Green Chile Chicken Quesadillas

Mission

4 flour tortillas

2 cups chopped or shredded cooked chicken

½ cup canned mil or hot green chile sauce

1 tsp cumin

1 can (15 oz) pinto beans, drained

2 cups shredded Monterey jack cheese (8 oz)

4 tbsp vegetable oil, divided

So I bought this thinking "jalapenos are green chiles so this is what I need" but this ended up being something red and tomatoey so don't do what I did.


In a medium bowl combine chicken, chile sauce, and cumin.

Lay tortillas on a work surface, and divide beans, chicken, and cheese between tortillas, placing all ingredients on ½ of each tortilla. 

So much stuffins!


Fold bare ½ of each tortilla over to cover fillings.

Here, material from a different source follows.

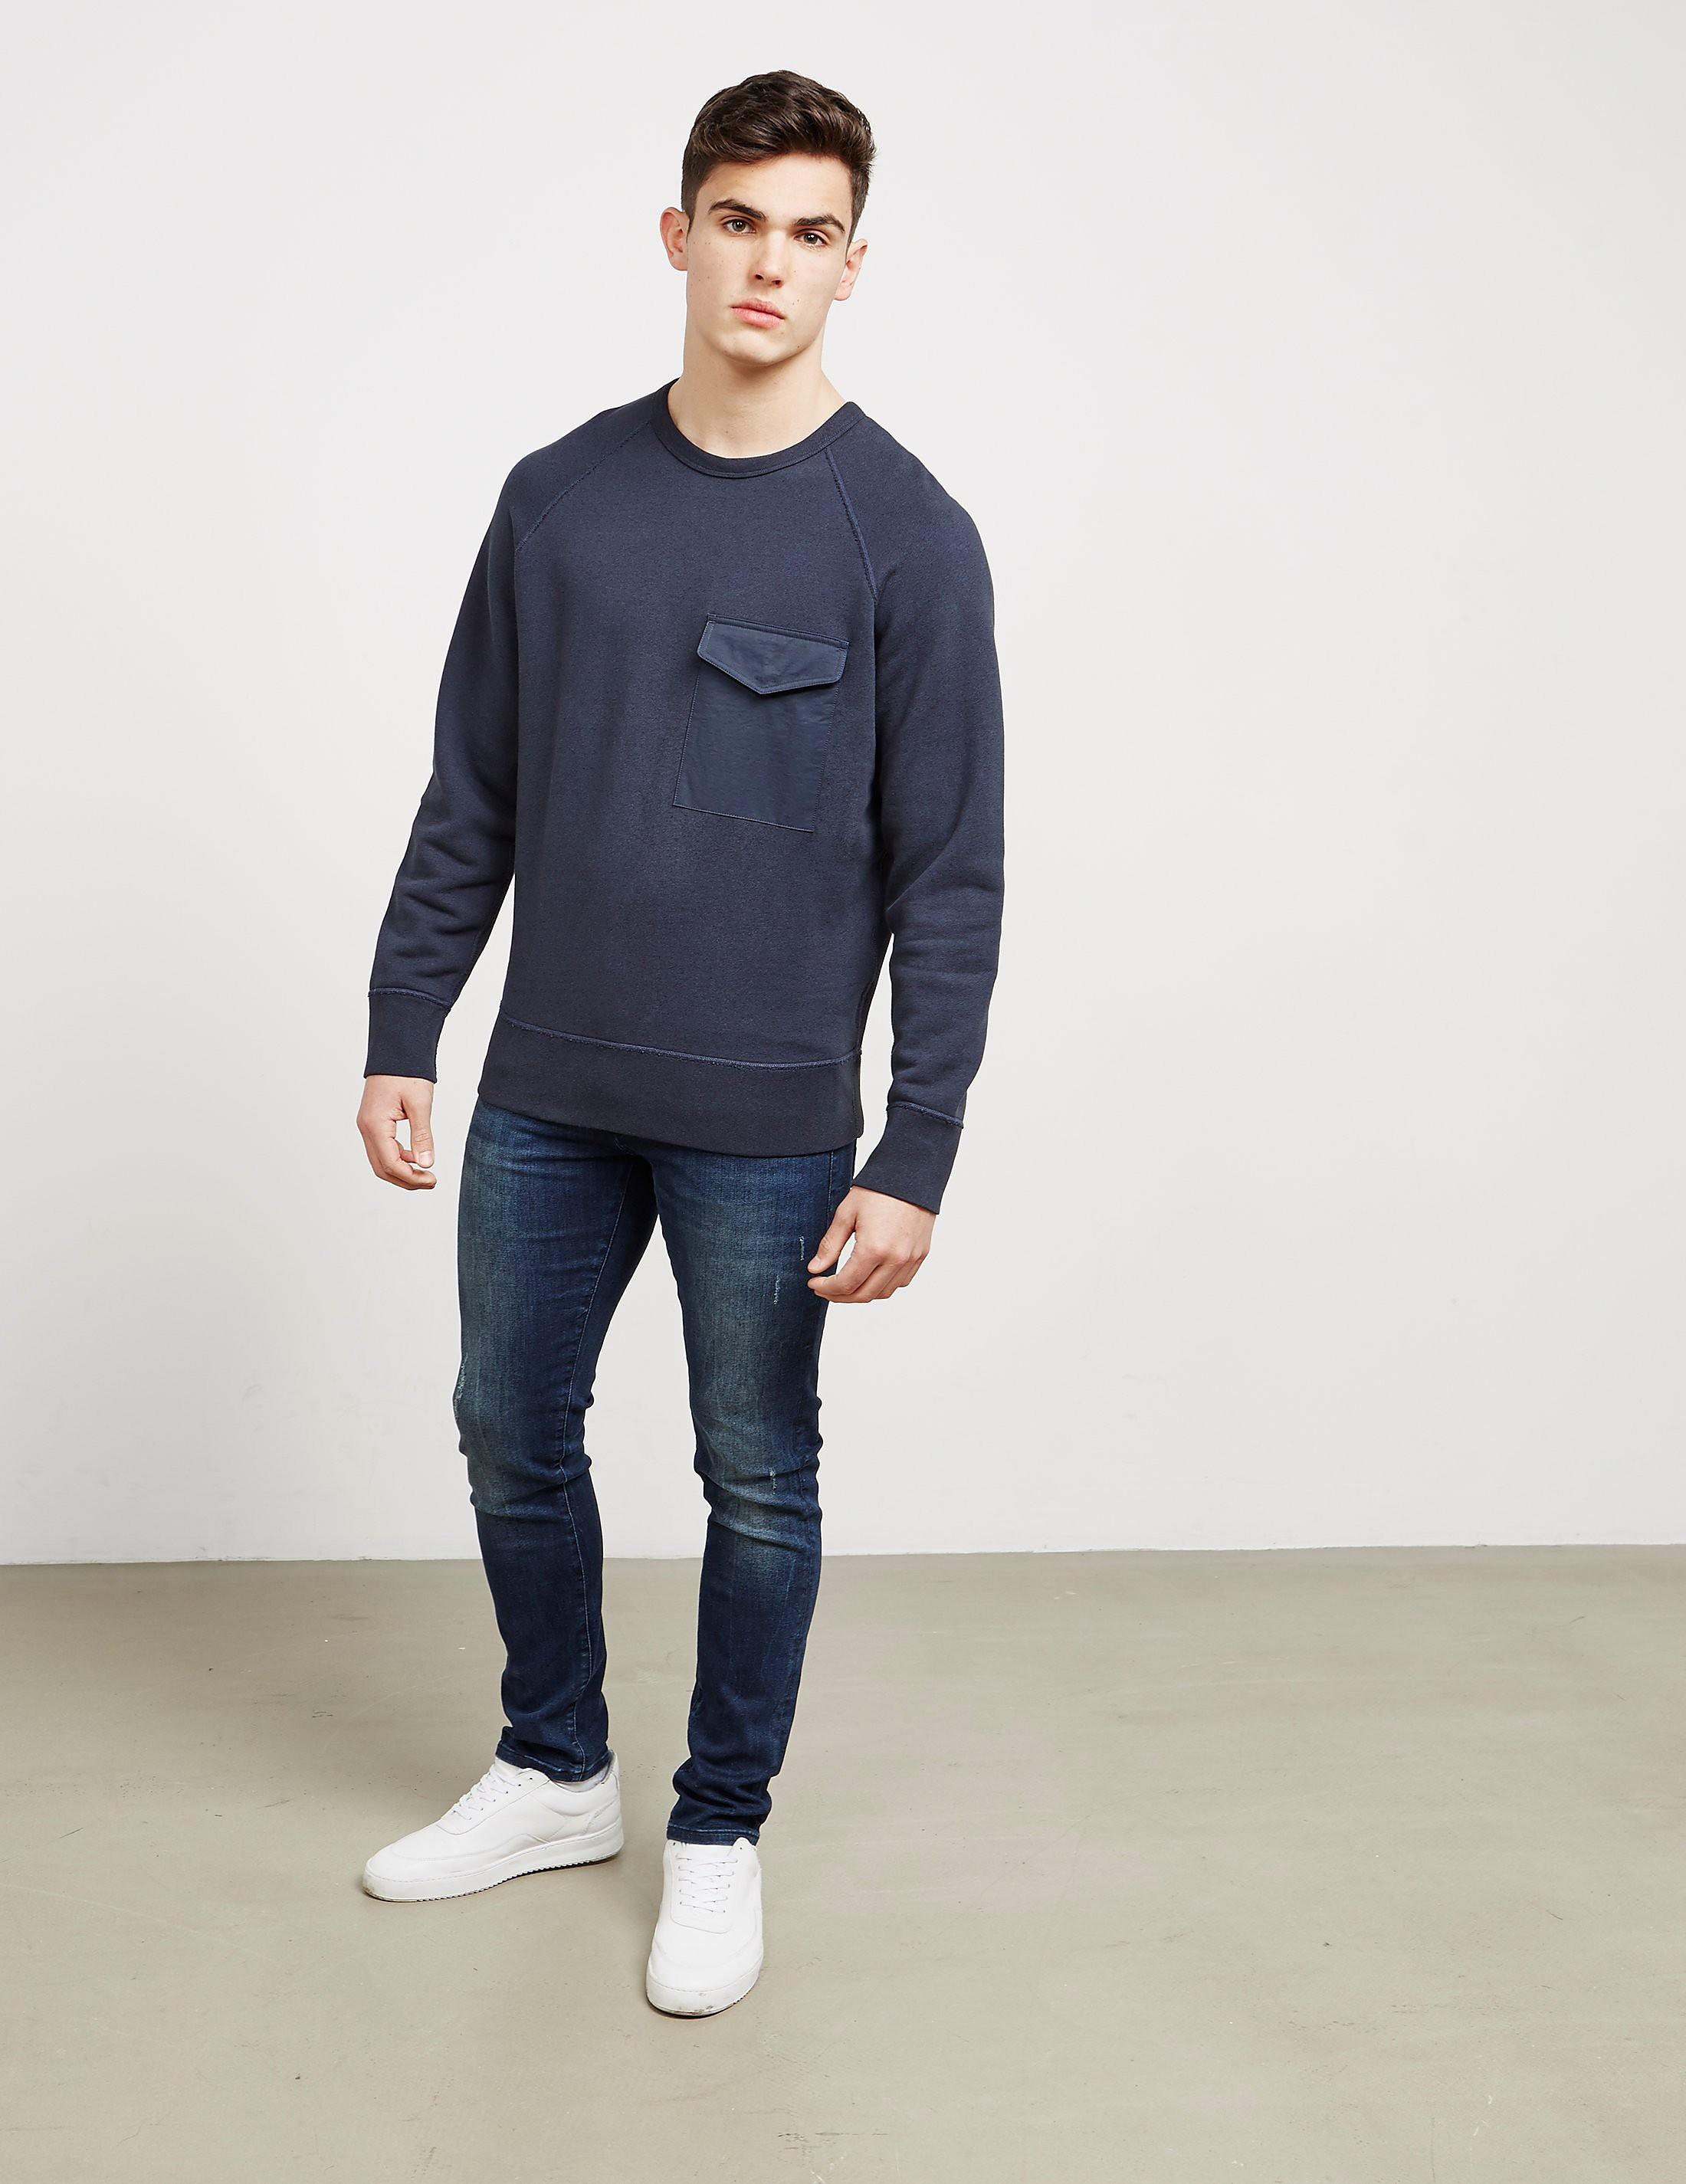 Rag & Bone Pocket Crew Neck Sweatshirt

In a large nonstick skillet heat 1 tablespoon oil over medium heat. Place 1 quesadilla in skillet and cook, flipping once, until golden brown on both sides, 2-3 minutes per side. 

After you put the quesadilla in the pan you're going to spend some time just standing there with a turner trying to keep its guts inside of it.

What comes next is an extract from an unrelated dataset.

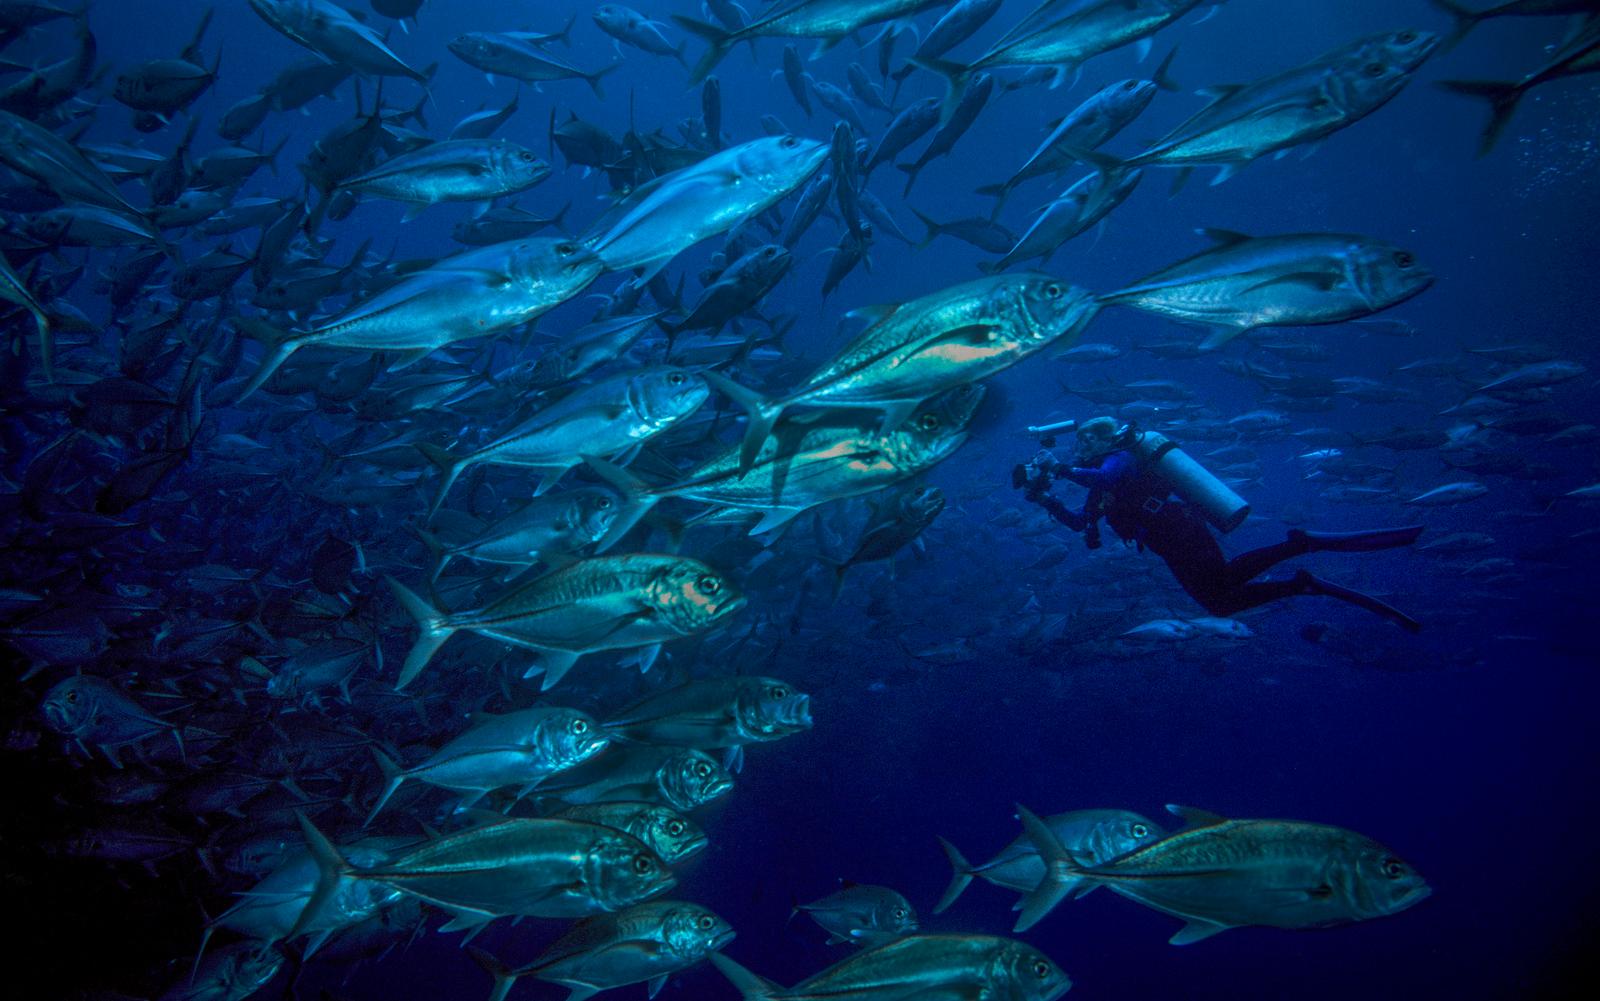 SEE & DO: COCOS ISLAND

Repeat with remaining oil and quesadillas. Cut quesadillas into wedges and serve warm.

Also be aware that the recipe tells you to cook them waaaay longer than you need to. This was my LEAST burned quesadilla.

My Rating: 4/5 "This was good, and I'm giving it extra points because it would have been better if I had made it with an actual green chile sauce. It's a little chubby for a quesadilla, but the flavors all work well together and it's satisfying. Just don't incinerate yours like I did mine."